Prompt
In the entries below, find the line with "Lorry transport service IIT Patna to Burari" and the line with "Brasilien Klüssendorf-ATM Sonderausgabe"; copy them and every line between them exactly, but not the pictures.

===== Supplied records =====

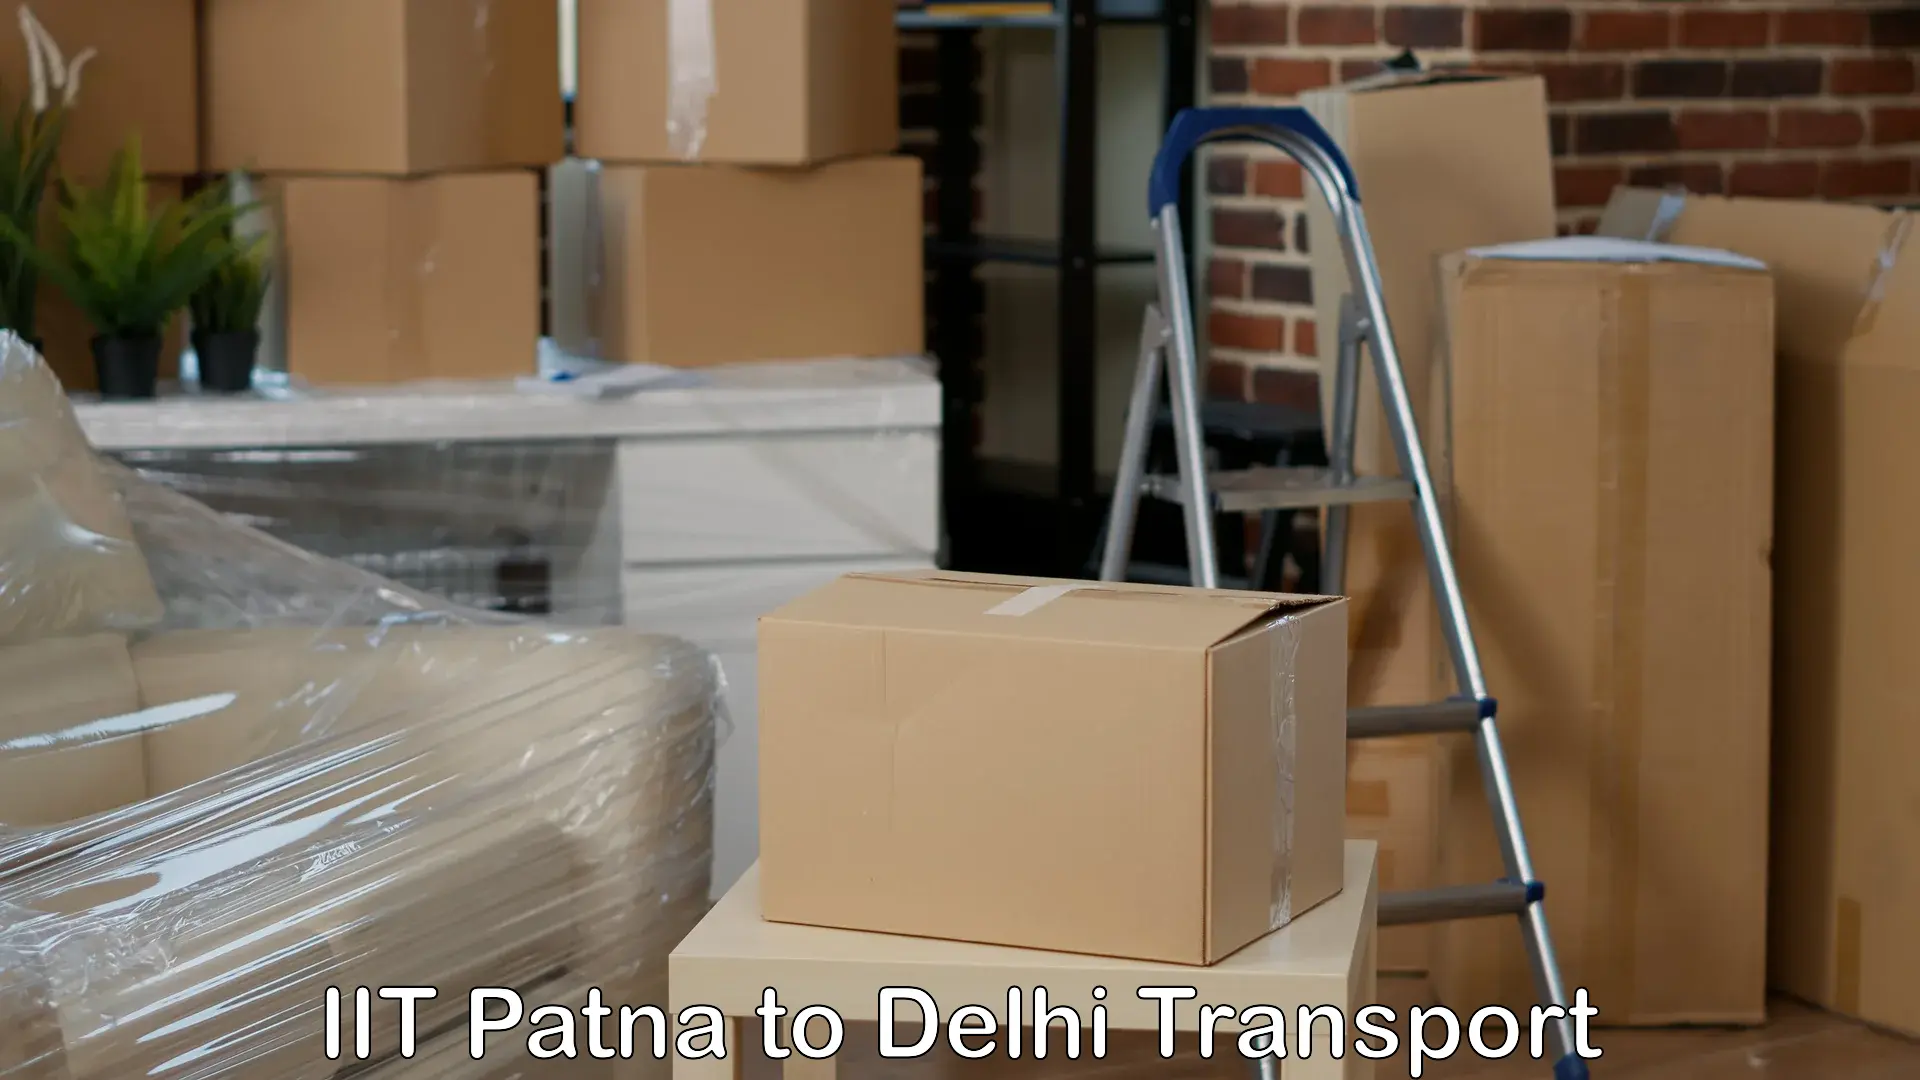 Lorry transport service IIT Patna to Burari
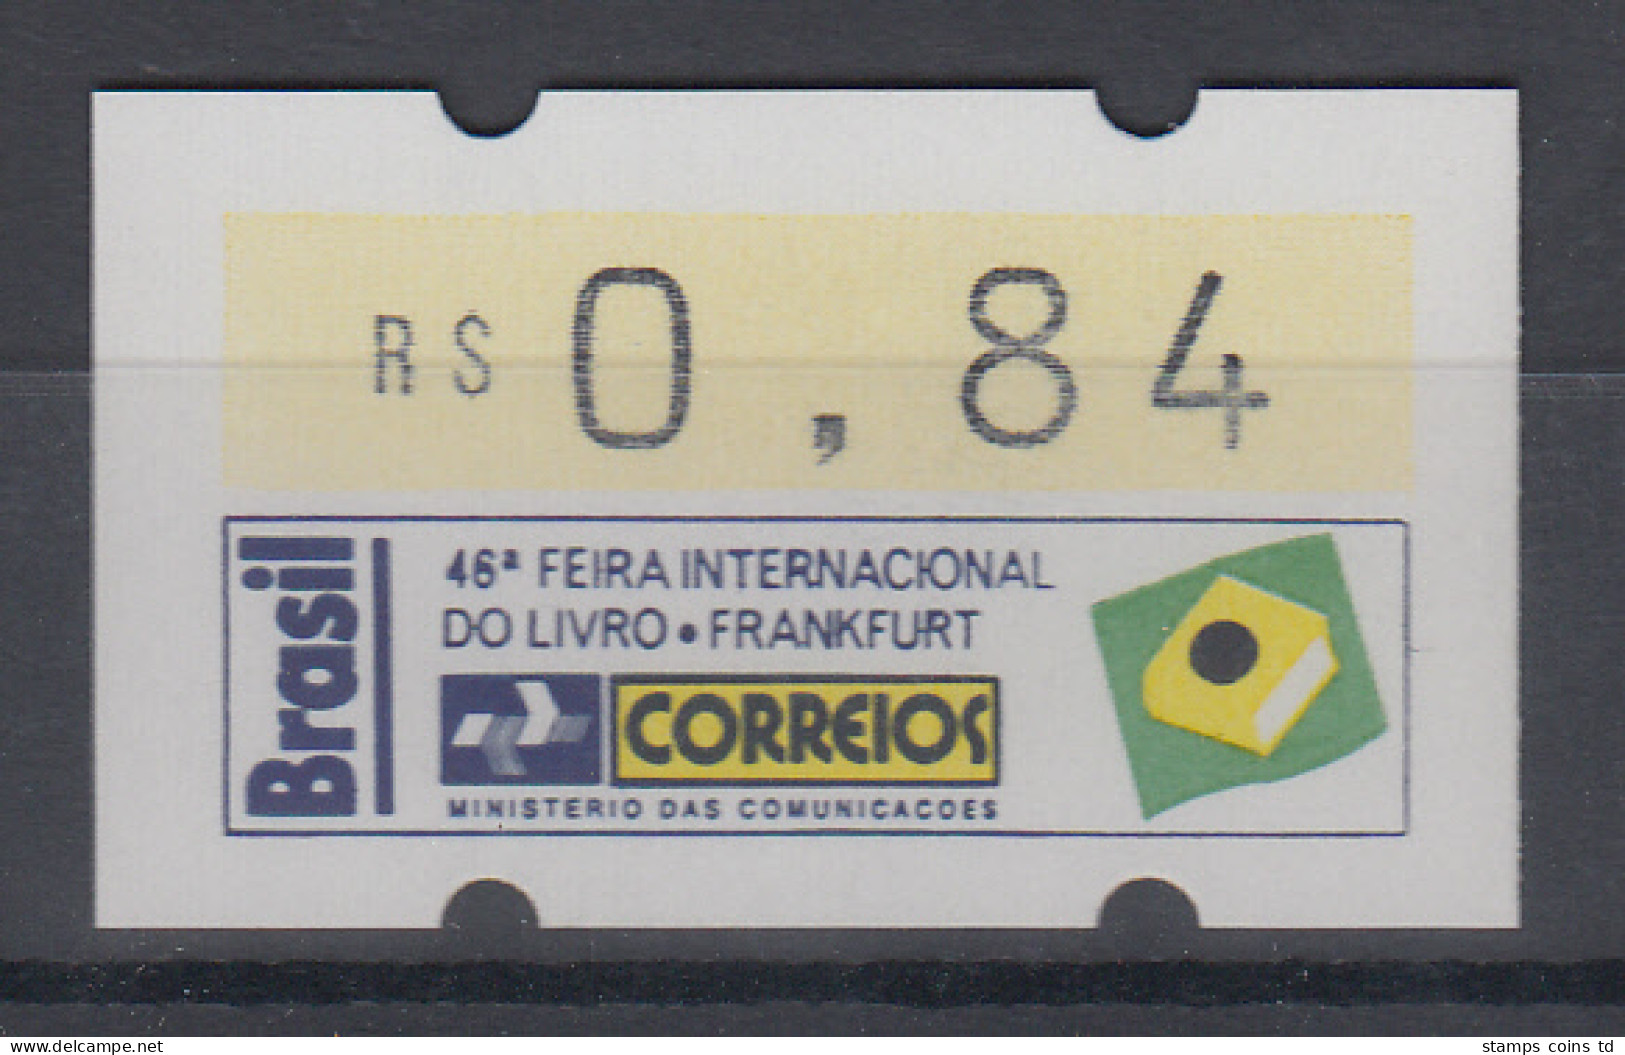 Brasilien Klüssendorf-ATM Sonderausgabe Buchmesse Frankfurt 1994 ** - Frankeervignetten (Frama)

=====
===== Supplied records =====

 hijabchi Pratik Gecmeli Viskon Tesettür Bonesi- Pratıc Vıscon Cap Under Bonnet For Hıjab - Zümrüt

=====

Written response
 Lorry transport service IIT Patna to Burari
 Brasilien Klüssendorf-ATM Sonderausgabe Buchmesse Frankfurt 1994 ** - Frankeervignetten (Frama)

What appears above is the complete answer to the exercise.